Second, we should help Americans acquire real wealth–but not at the expense of Social Security. Social Security is only one leg of the three-legged retirement stool. The other two legs are private pensions and personal savings.

Only 40 percent of workers today get private pensions (and, increasingly, those are risky defined-contribution, not defined-benefit, plans). With corporations earning record profits, now’s the time to expand corporate responsibility for helping workers create real personal wealth. Mandate that all employees share in those profit-payouts to senior executives; vest workers early; make plans fully portable; let workers draw from them for a first-time home purchase, lifelong learning and major medical expenses.

On increasing personal savings, the issue grows politically more difficult–yet it is the core political and economic challenge of our time. The richest 1 percent of Americans have more wealth than the bottom 80 percent. The solution is simple: Most Americans should be earning more, and the richest should be paying more taxes. Period. The politics of getting there are hellish.
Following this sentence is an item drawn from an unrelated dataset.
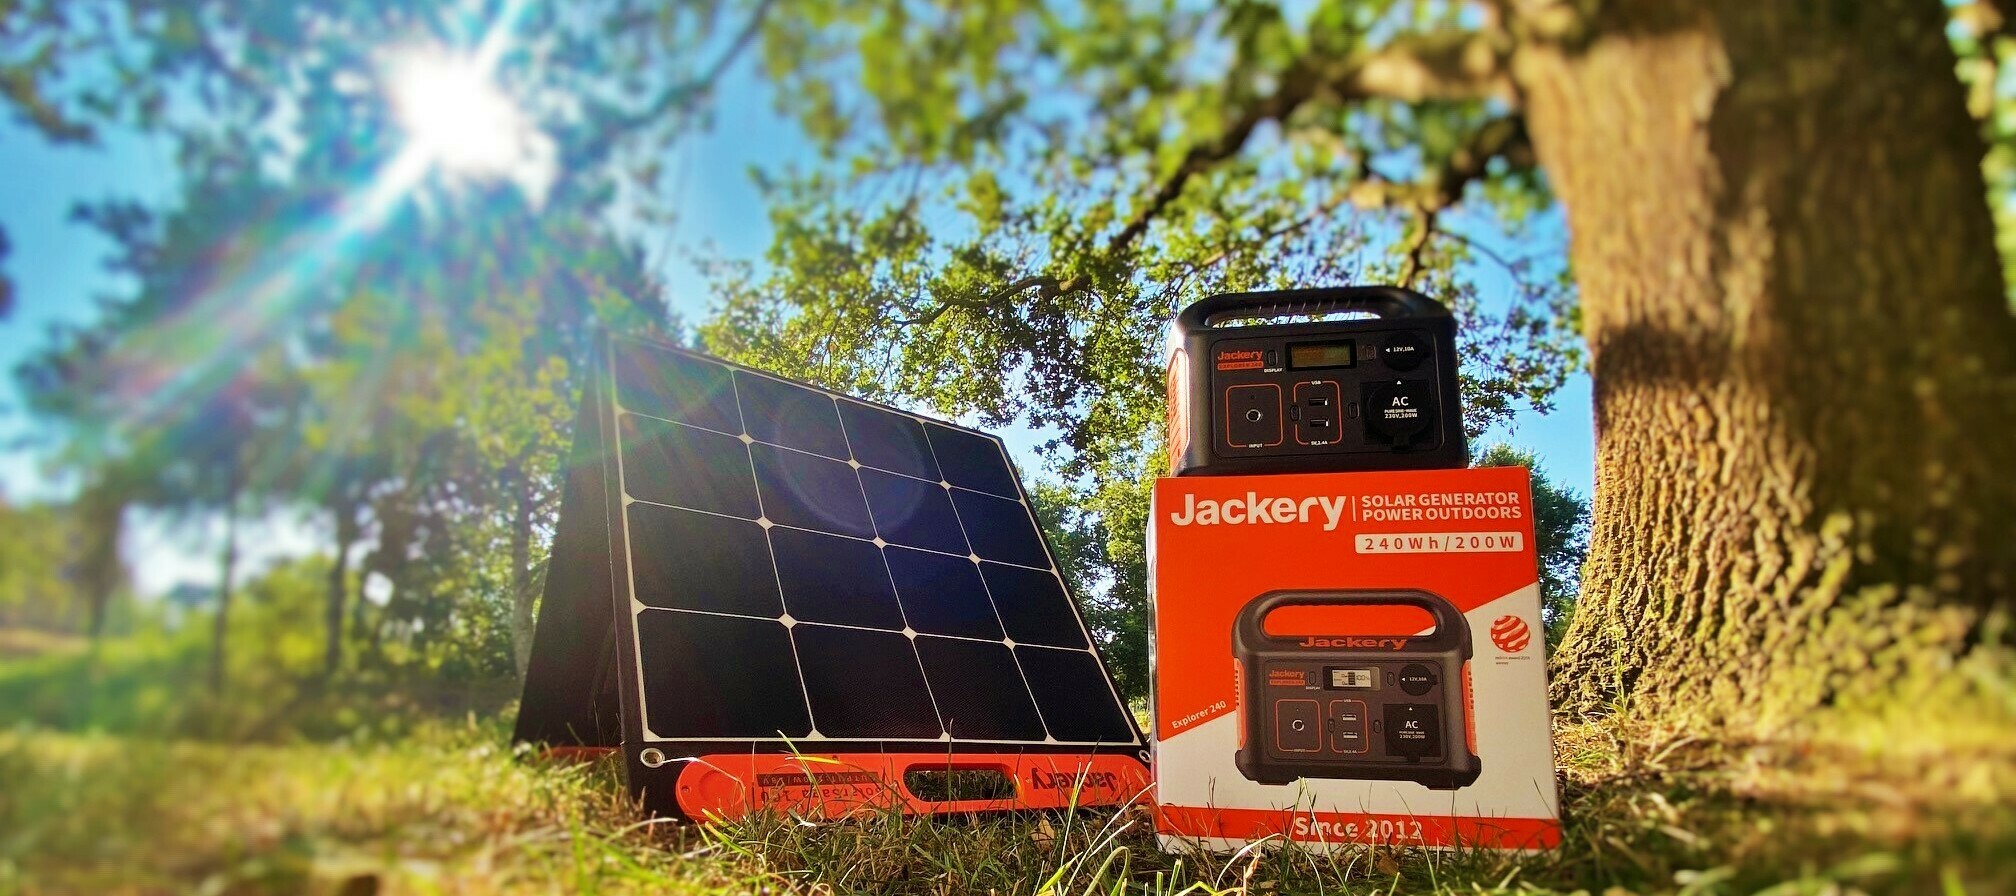 Jackery Solarpanel SolarSaga 100 + Explorer 240 Powerstation - nutze die Kraft der Sonne!

But privatizing Social Security won’t make that job any easier–or wealth’s distribution any more equal. In the months ahead, we’ll take a more precise look at each of the issues outlined above and others as well, direct you to excellent information sources and opportunities for activism–and challenge you to do something before the clock runs out. And frankly, the minute hand is fast approaching midnight. Congress won’t vote on “reform” this year, but the deal that will prefix the legislation will be done by this fall unless other voices are heard.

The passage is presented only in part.